Ao inteirar-se da minha nacionalidade, Aung Kyaw Zaw evoca de imediato o encontro em Mrauk U, «há cerca de trinta anos», com a investigadora Maria Ana Marques Guedes, autoridade académica por excelência no que à relação histórica de Portugal com a Birmânia diz respeito. A conversa resvala de seguida para o nosso já conhecido Dom Martinho, que Maurice Collis no seu “Na Terra da Grande Imagem” dá como morto nas gélidas águas que circundam o temido Cabo da Boa Esperança. Essa é a tese predominante entre os arracaneses, mas a verdade é que os restos mortais de Dom Martinho adubam solo goês. «Num cemitério em Goa há uma placa com o seu nome», refere o professor. Trata-se da necrópole “do Colégio do Pópulo dos agostinhos, em Goa”, como nos recorda o historiador Manuel Lobato que sobre o personagem dedicou um estudo com base nos trabalhos prévios da portuguesa Marques Guedes e do investigador indiano Sanjay Subrahmanyam. «Maria Ana fornece-nos todos os pormenores acerca da vida de Dom Martinho, que chegou a ser capitão da Armada Portuguesa», continua o meu interlocutor. Bem, o professor parece-me bem informado… Mas afinal, quem foi Dom Martinho?

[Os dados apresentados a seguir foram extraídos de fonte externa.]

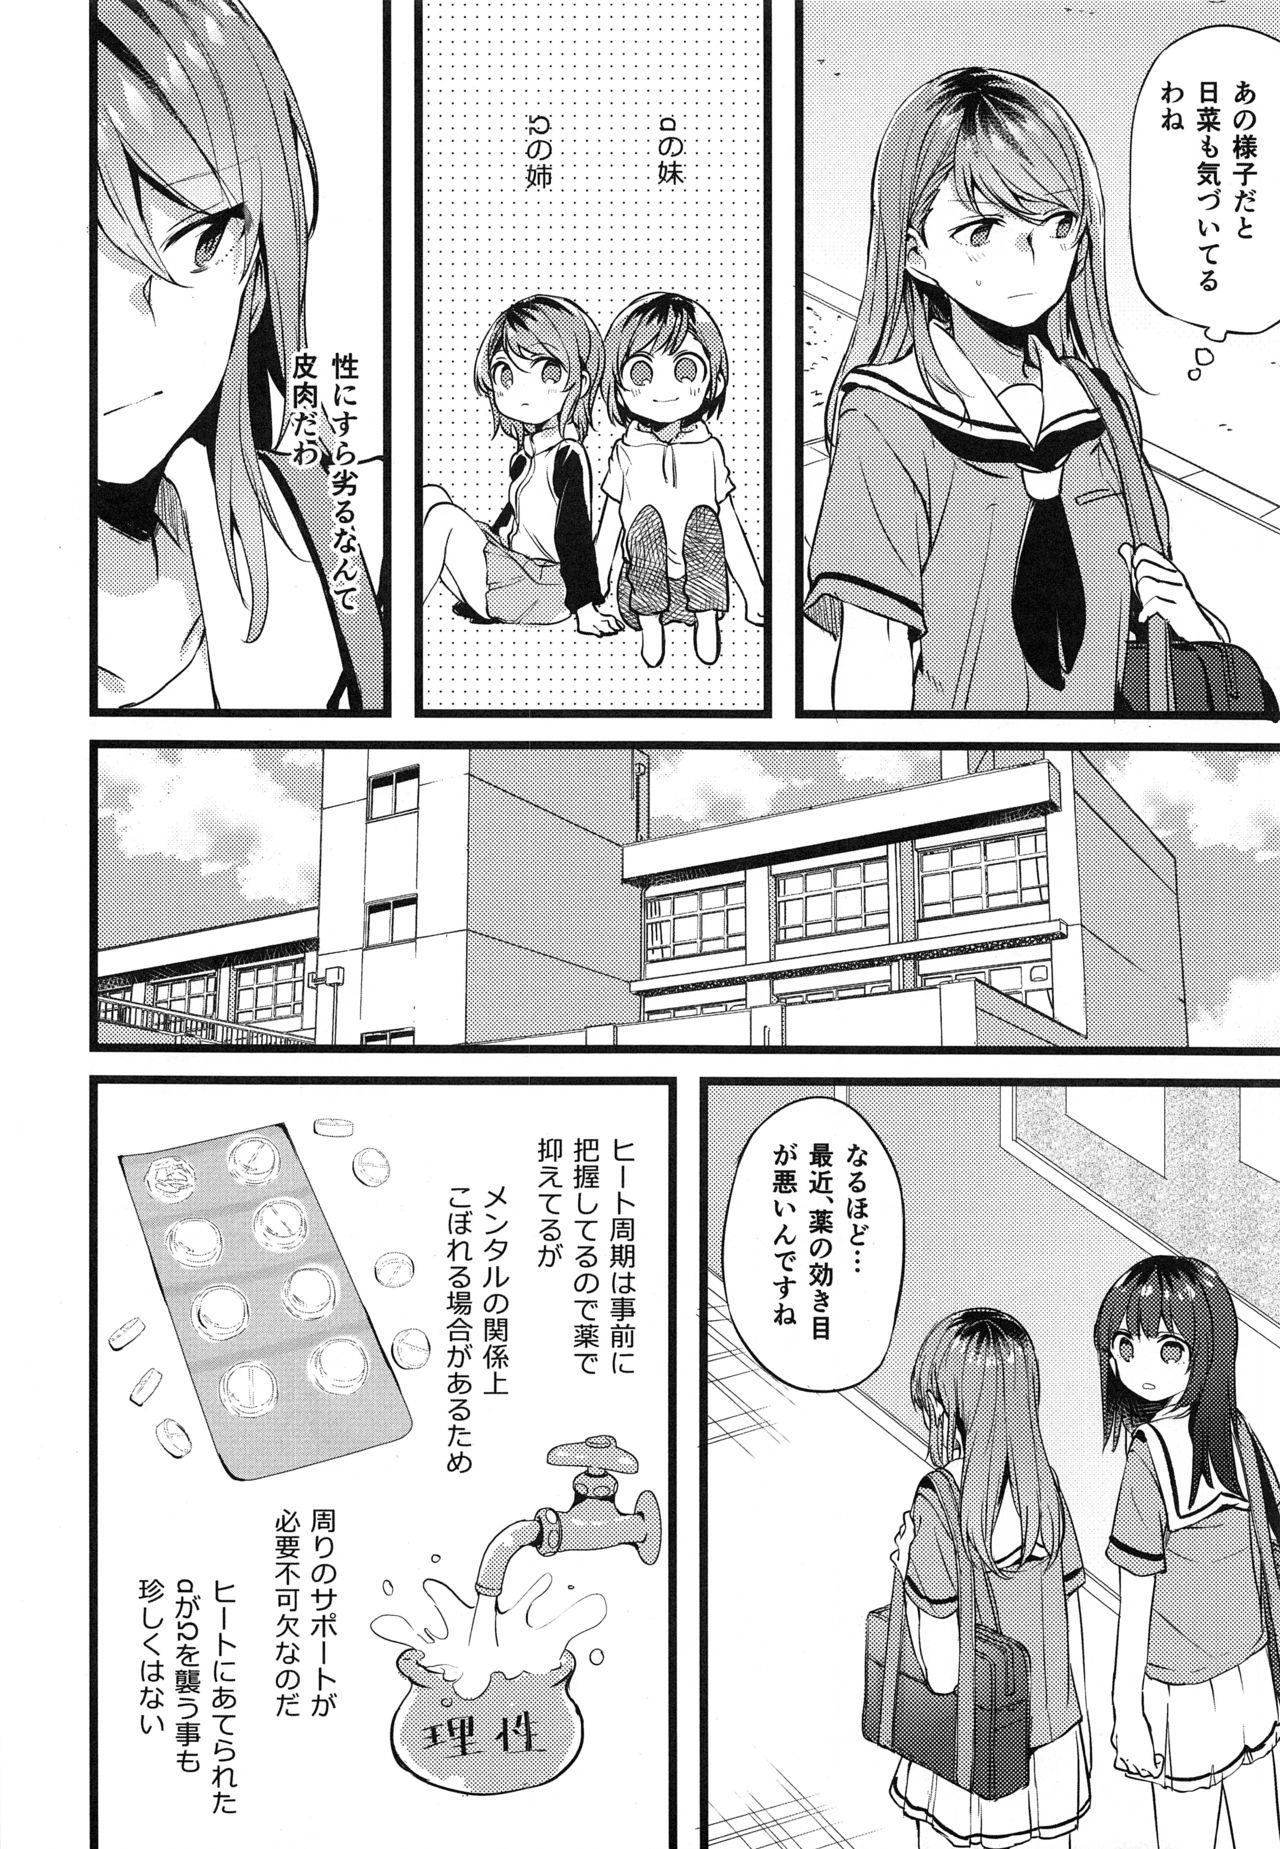 Pounding Kimi no Koi wa Watashi no Koi - Bang dream Spa - Page 7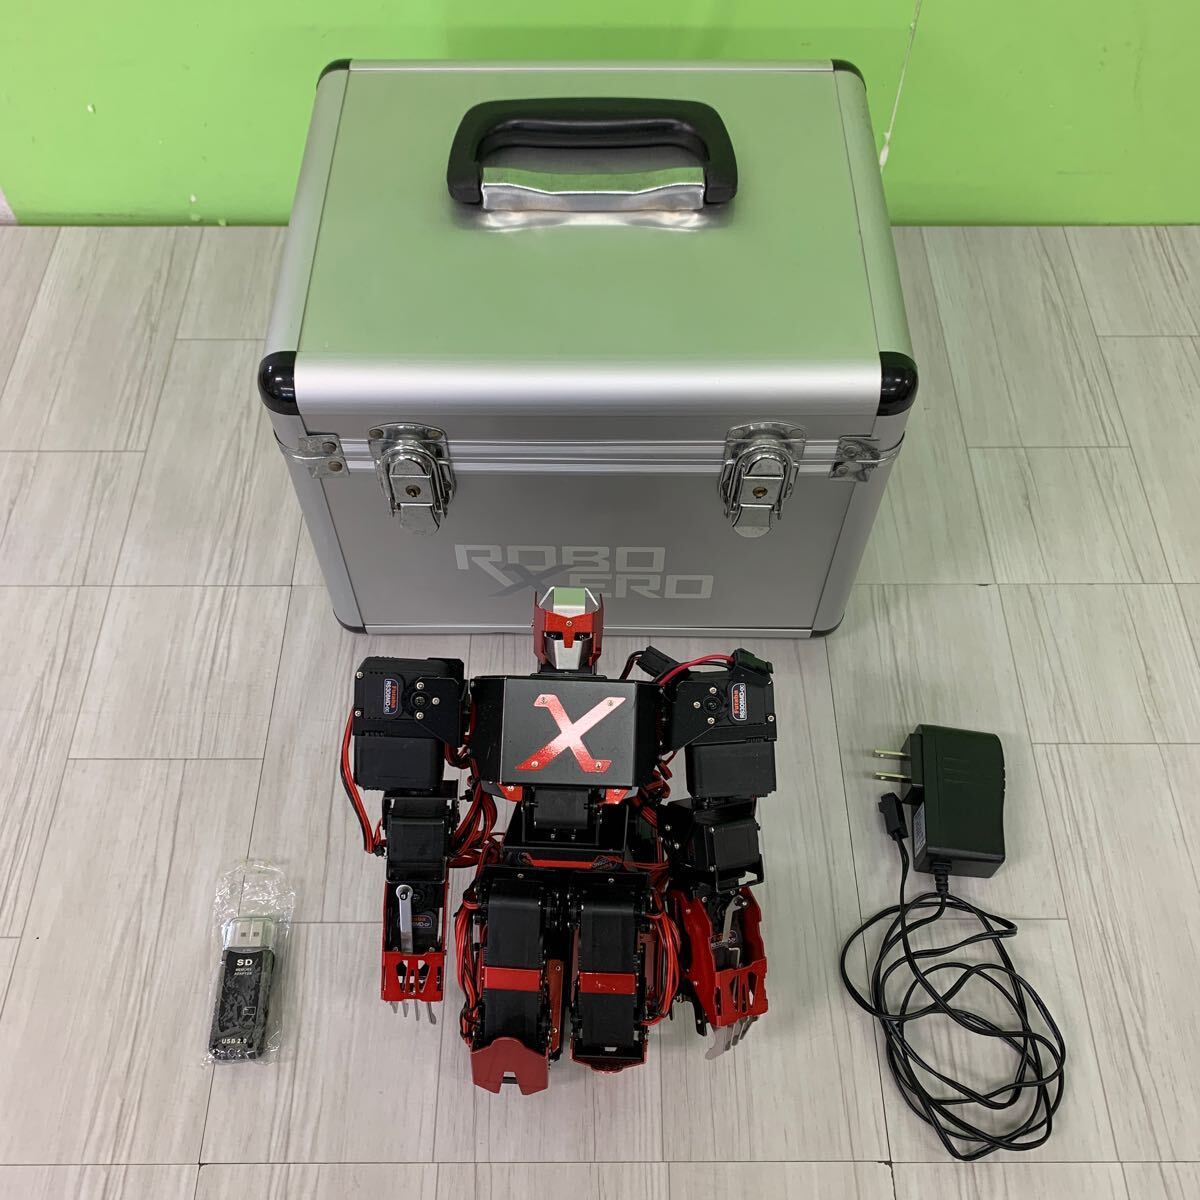  Junk necessary verification tiagoz tea ni weekly Robot Zero ROBO XERO body charger case

A chave para o enigma encontra-se nas páginas do “Itinerário” do frade Sebastião Manrique, que visitou o Arracão no início do segundo quartel do Século XVII, mas que nos fornece importantes dados do apogeu desse reino durante a vigência de Min Razagyi (1593-1612), pai de quinze filhos, todos potenciais sucessores. O mais jovem deles, Min Mangri, governava então Chatigão, porto com uma forte componente portuguesa. Manrique designa Min Mangri de “Alemanja”, daí que o filho mais novo varão, Dom Martinho, tivesse ficado com a alcunha “Alemão”. Martinho de Alemão, ou seja, o nosso Dom Martinho de Arracão.
Empenhar-se-iam os agostinhos, influentes na corte de Min Mangri – que dera uma das suas filhas em casamento ao filho do aventureiro Sebastião Gonçalves Tibau – na obra de evangelização da nobreza local. E para o efeito seria destacado frei Rafael de Santa Mónica, o responsável pela conversão de muitos deles. O professor conhece o episódio, embora ande às voltas com o nome do frade, «pois já tenho muitos anos e esqueço-me agora com muita facilidade».
Em 1612, com a morte de Min Razagyi e ascensão ao trono do seu filho mais velho Min Khamaung, a correlação de forças altera-se e Min Mangri passa a ser considerado um dirigente rebelde aliado dos forasteiros cristãos. Durante o cerco a Chatigão, nesse mesmo ano, pelas forças arracanesas, Min Mangri é morto e frei Rafael refugia-se na vizinha ilha de Sundiva, levando consigo os dois filhos mais novos do deposto governador. Um rapaz de seis anos, entretanto baptizado com nome de Martinho, e uma rapariga de nove anos, de seu nome Petrolina. Em 1614 são transferidos para o convento de São Nicolau, na cidade de Hugli, tendo sido informado do facto o vice-rei D. Jerónimo de Azevedo. Inteirado de todas estas ocorrências, o professor Aung alude uma carta redigida por Dom Martinho aos agostinhos «que sempre tomaram conta dele». E, curiosamente em consonância com a entender de Manuel Lobato, o arracanês lembra algo importante: «Se bem que estas crianças não tenham sido convertidas à força, a educação cristã não deixava grande margem de escolha, não é?». Martinho seria enviado mais tarde para Goa na companhia de frei António de São Vicente, «a pedido do vice-rei Conde de Redondo, para aí completar a sua educação». A partir desse momento a vida do príncipe arracanês sofreria uma mudança radical.